### What is being asked
Everything from the line with "Nike Air Jordan 23 Size 11.5" down to the line with "West Maui Map" below must be printed exactly, those two lines included. Exclude pictures.

### Excerpted data
□ □ □ □
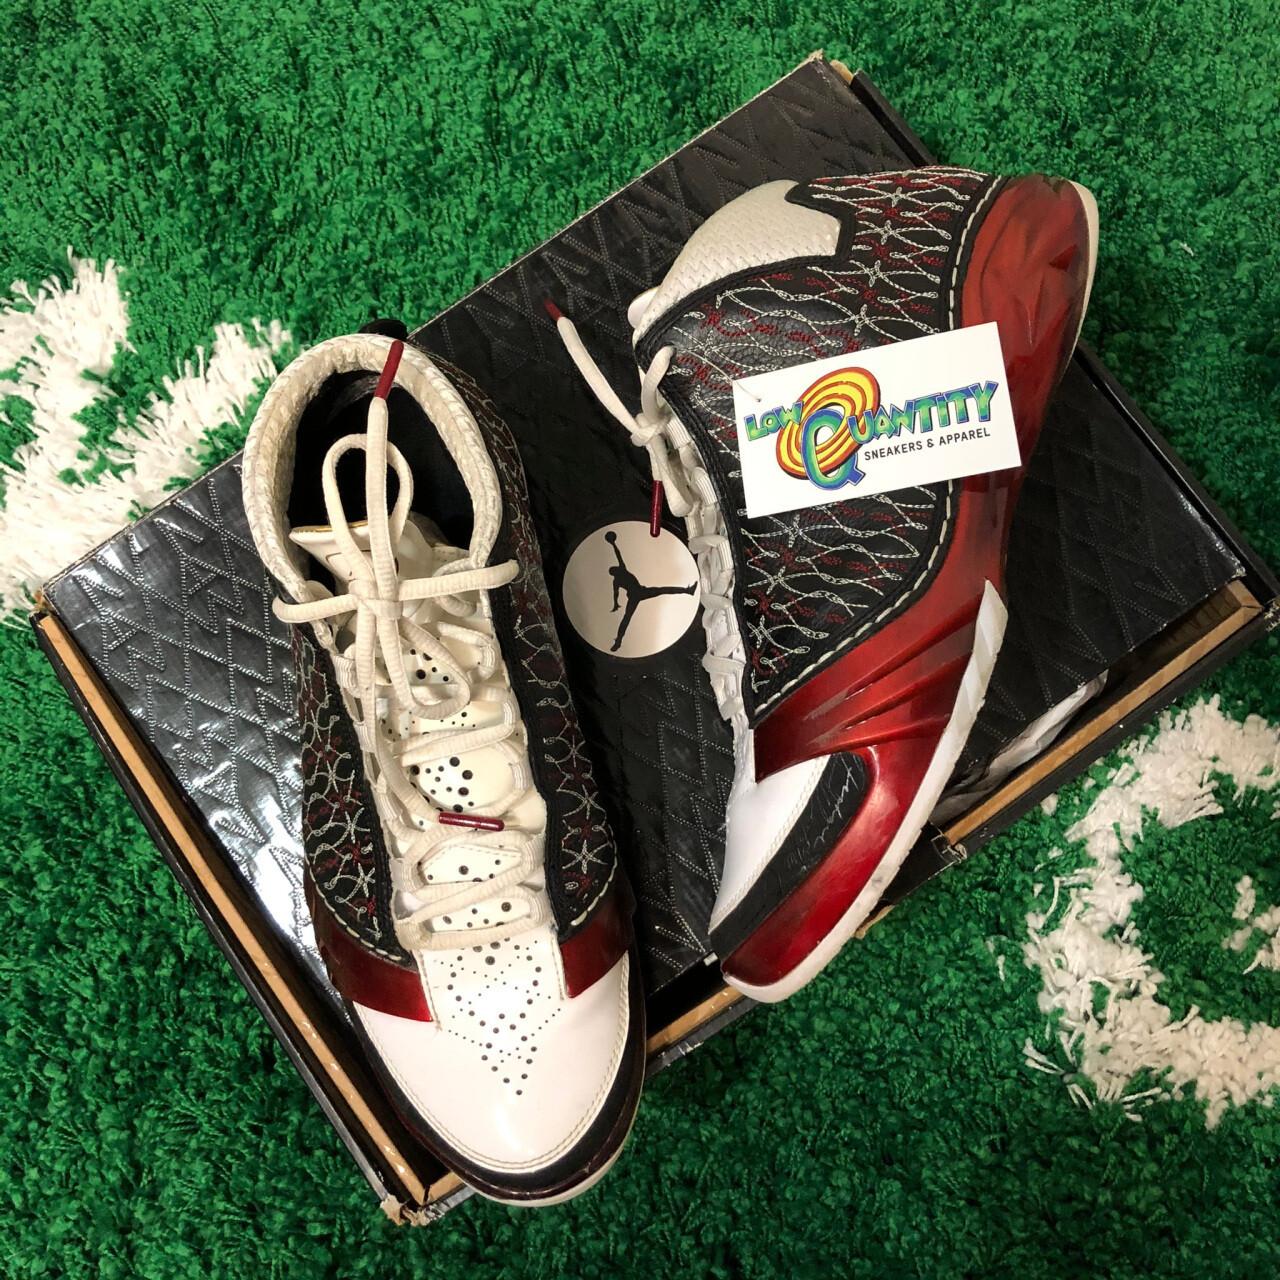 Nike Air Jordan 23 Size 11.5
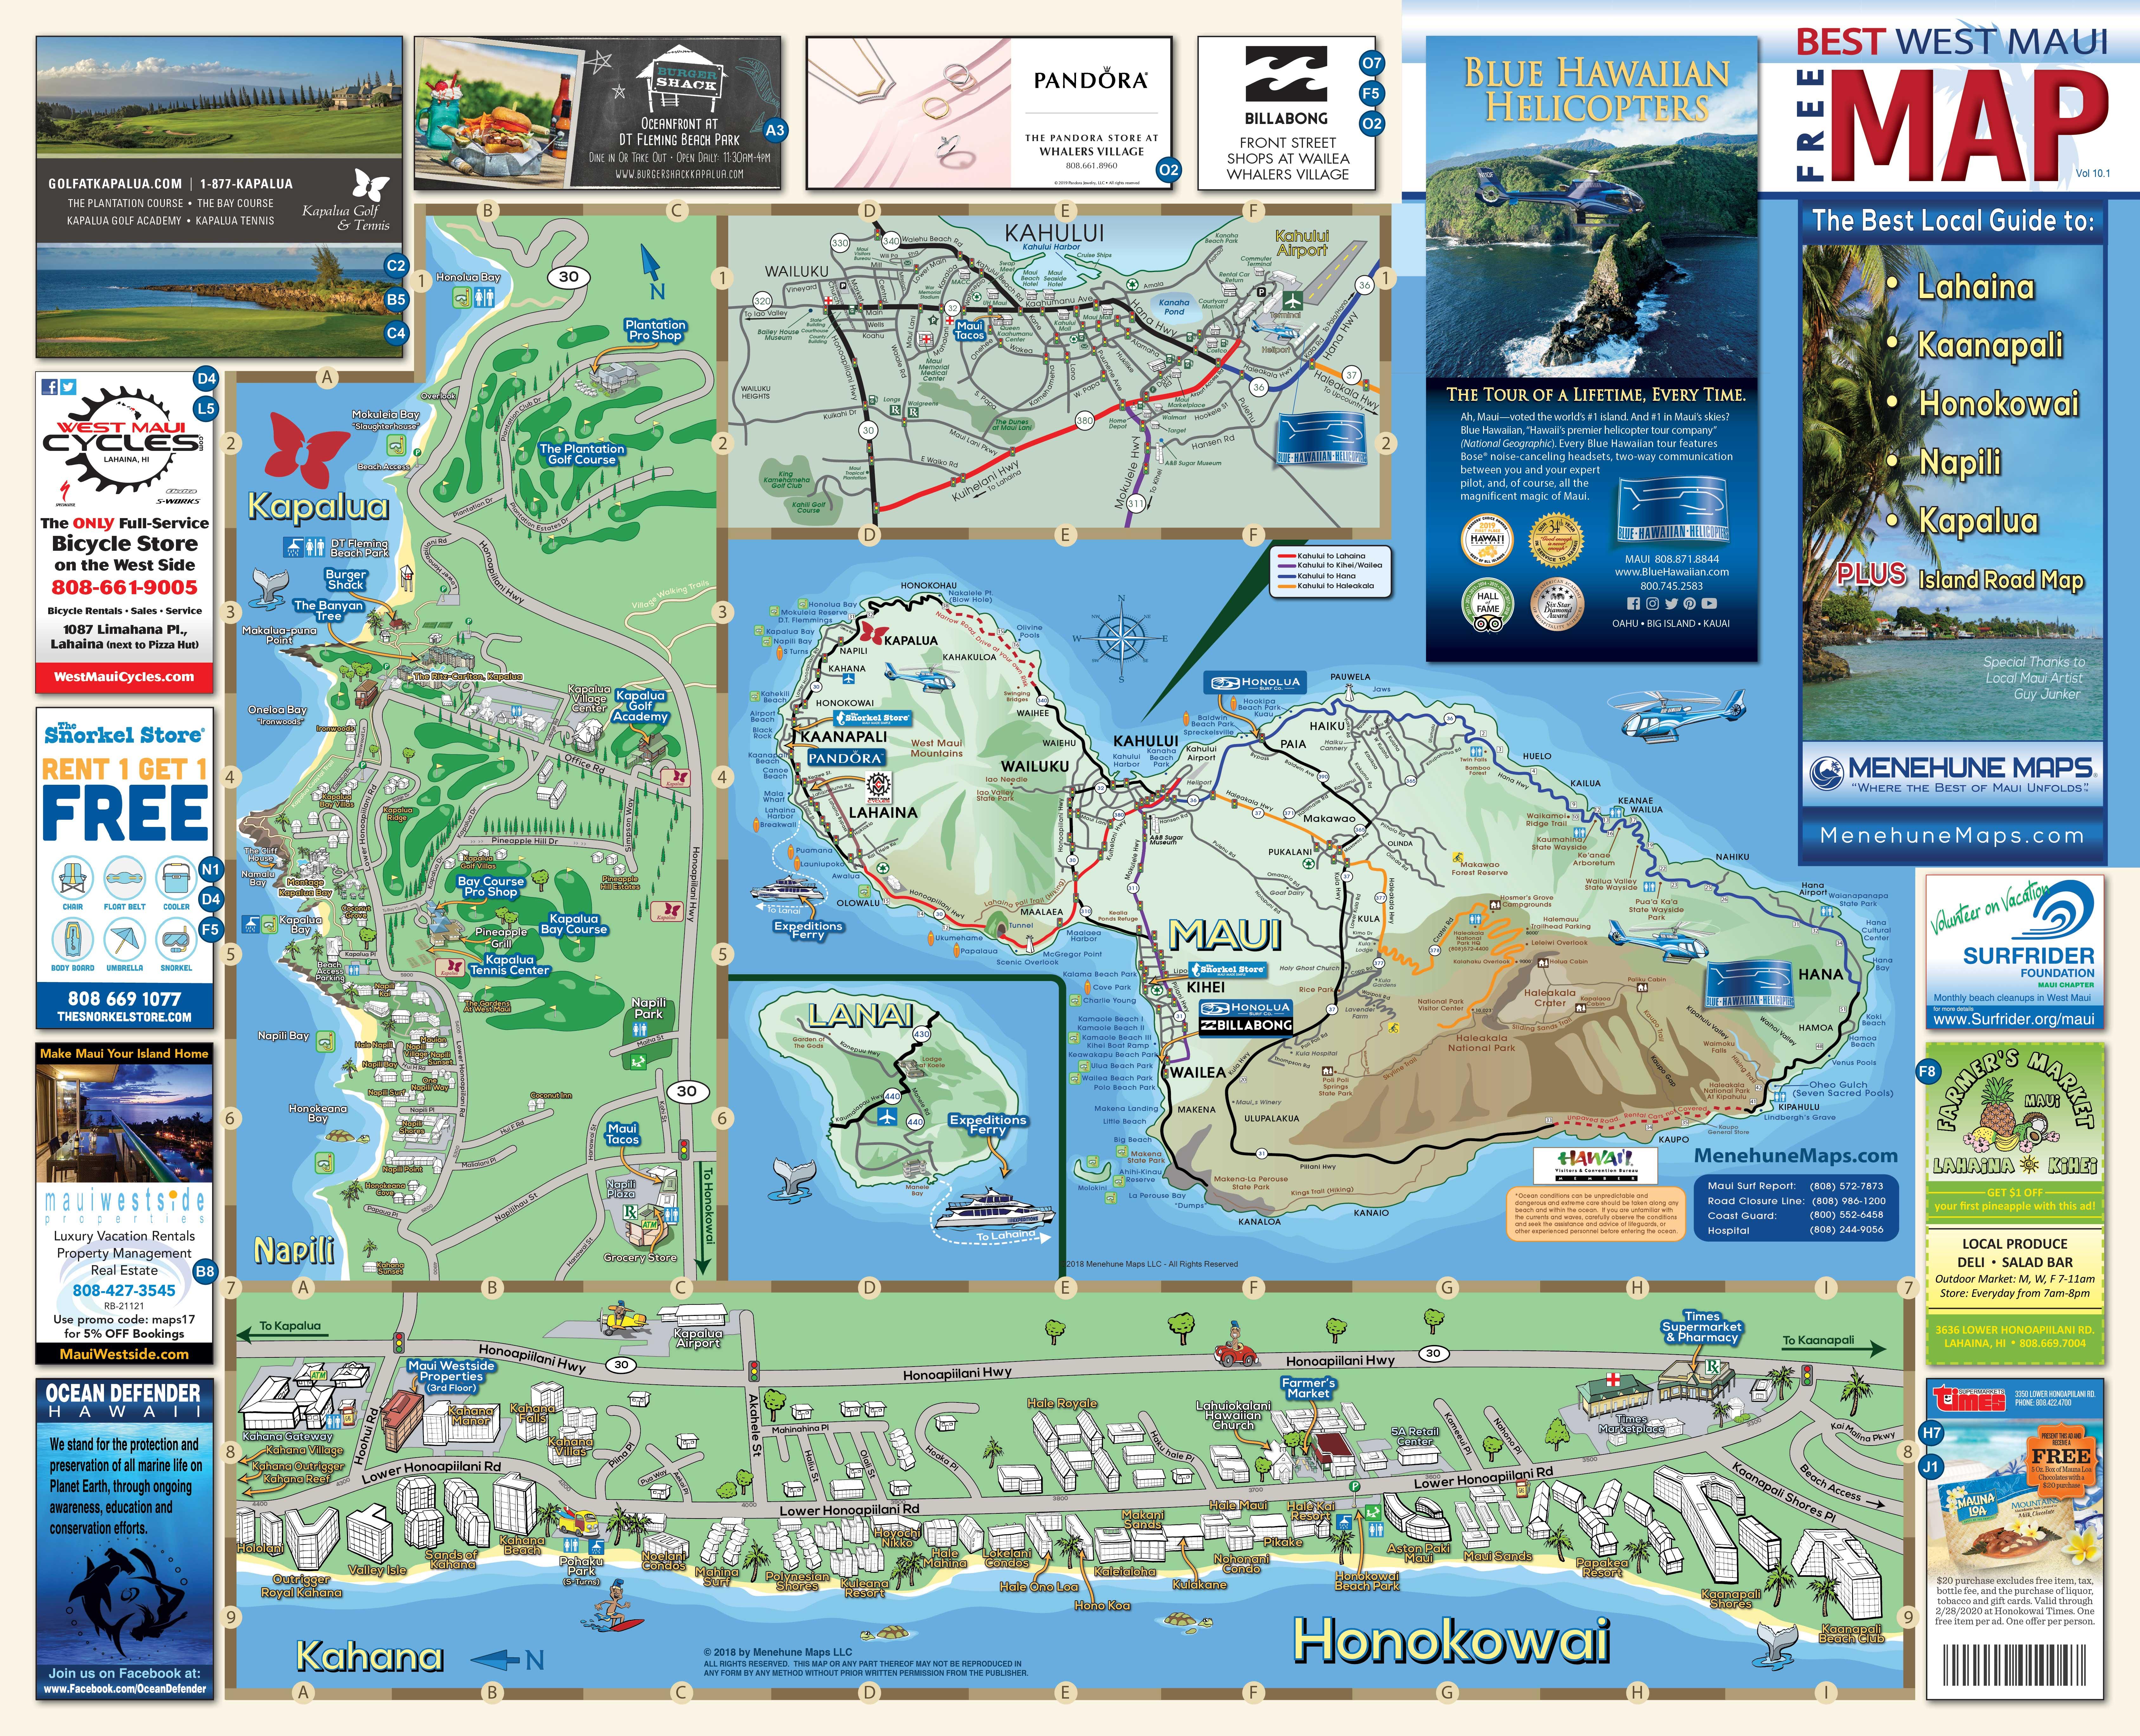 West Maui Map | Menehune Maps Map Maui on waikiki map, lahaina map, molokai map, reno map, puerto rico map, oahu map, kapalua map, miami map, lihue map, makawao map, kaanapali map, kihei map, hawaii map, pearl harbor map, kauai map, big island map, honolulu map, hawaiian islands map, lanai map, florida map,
□ □ □ □
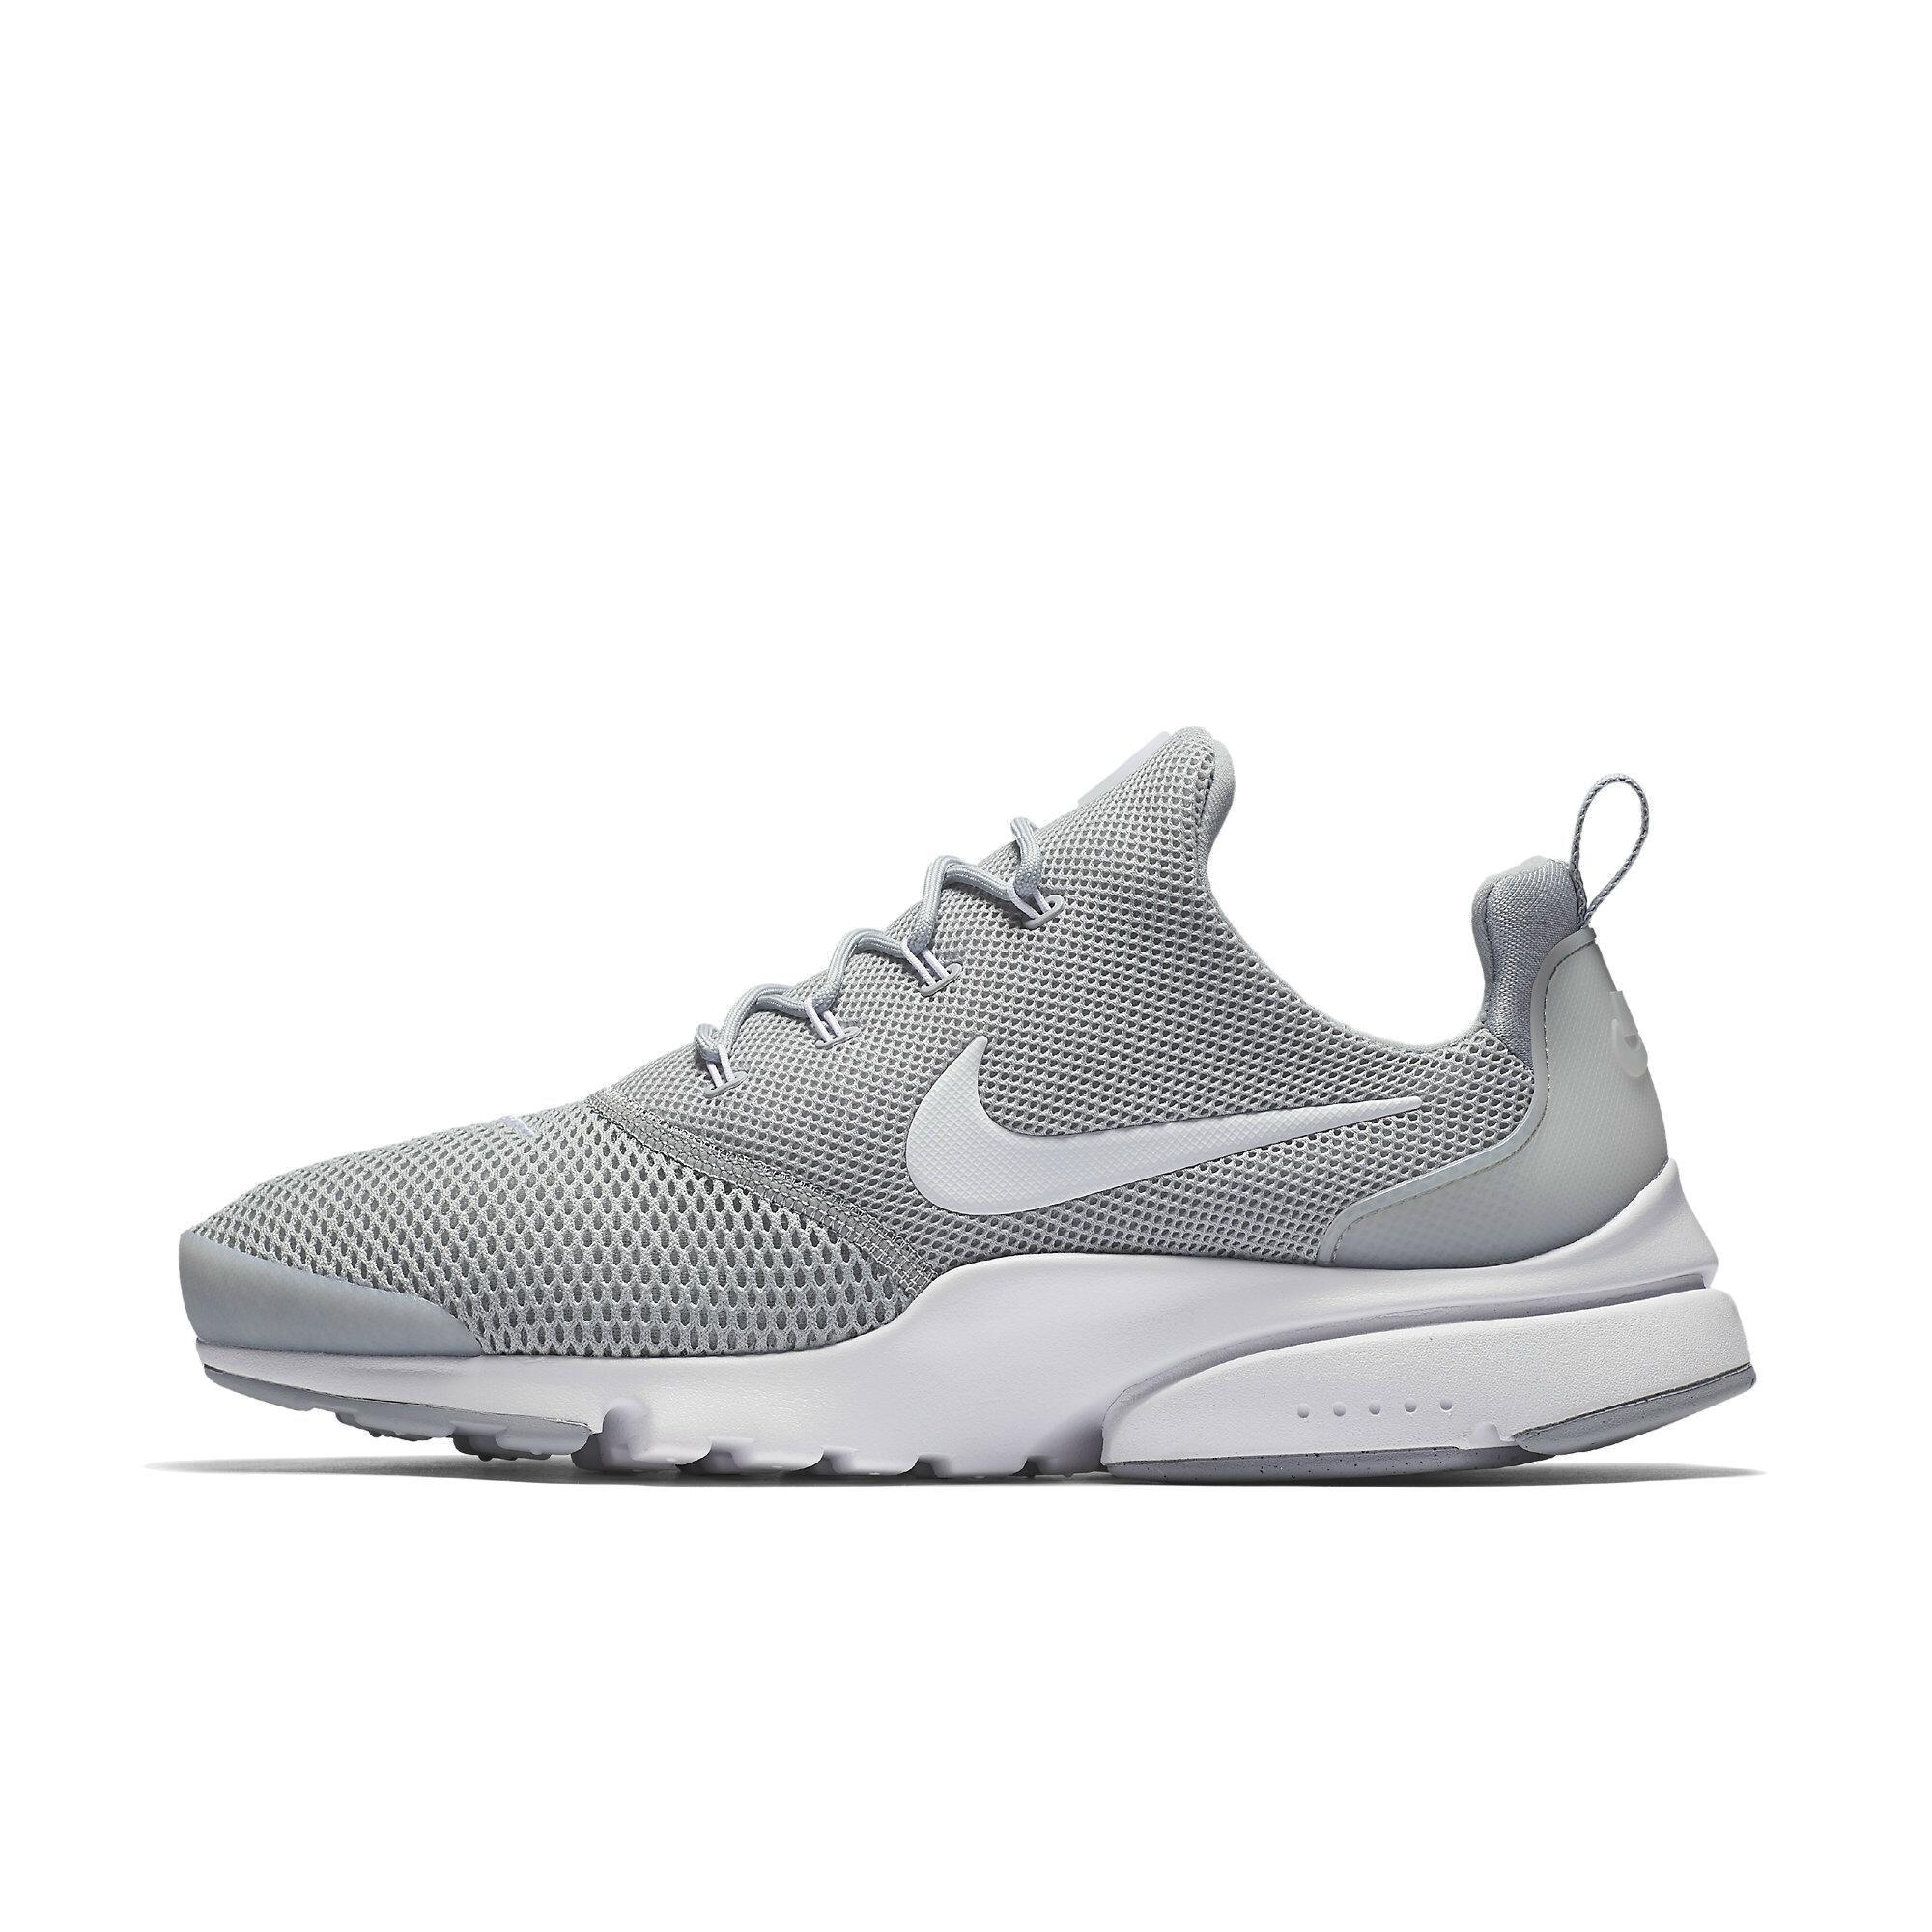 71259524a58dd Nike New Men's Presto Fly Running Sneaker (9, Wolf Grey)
□ □ □ □
### Task result
 Nike Air Jordan 23 Size 11.5
 West Maui Map | Menehune Maps Map Maui on waikiki map, lahaina map, molokai map, reno map, puerto rico map, oahu map, kapalua map, miami map, lihue map, makawao map, kaanapali map, kihei map, hawaii map, pearl harbor map, kauai map, big island map, honolulu map, hawaiian islands map, lanai map, florida map,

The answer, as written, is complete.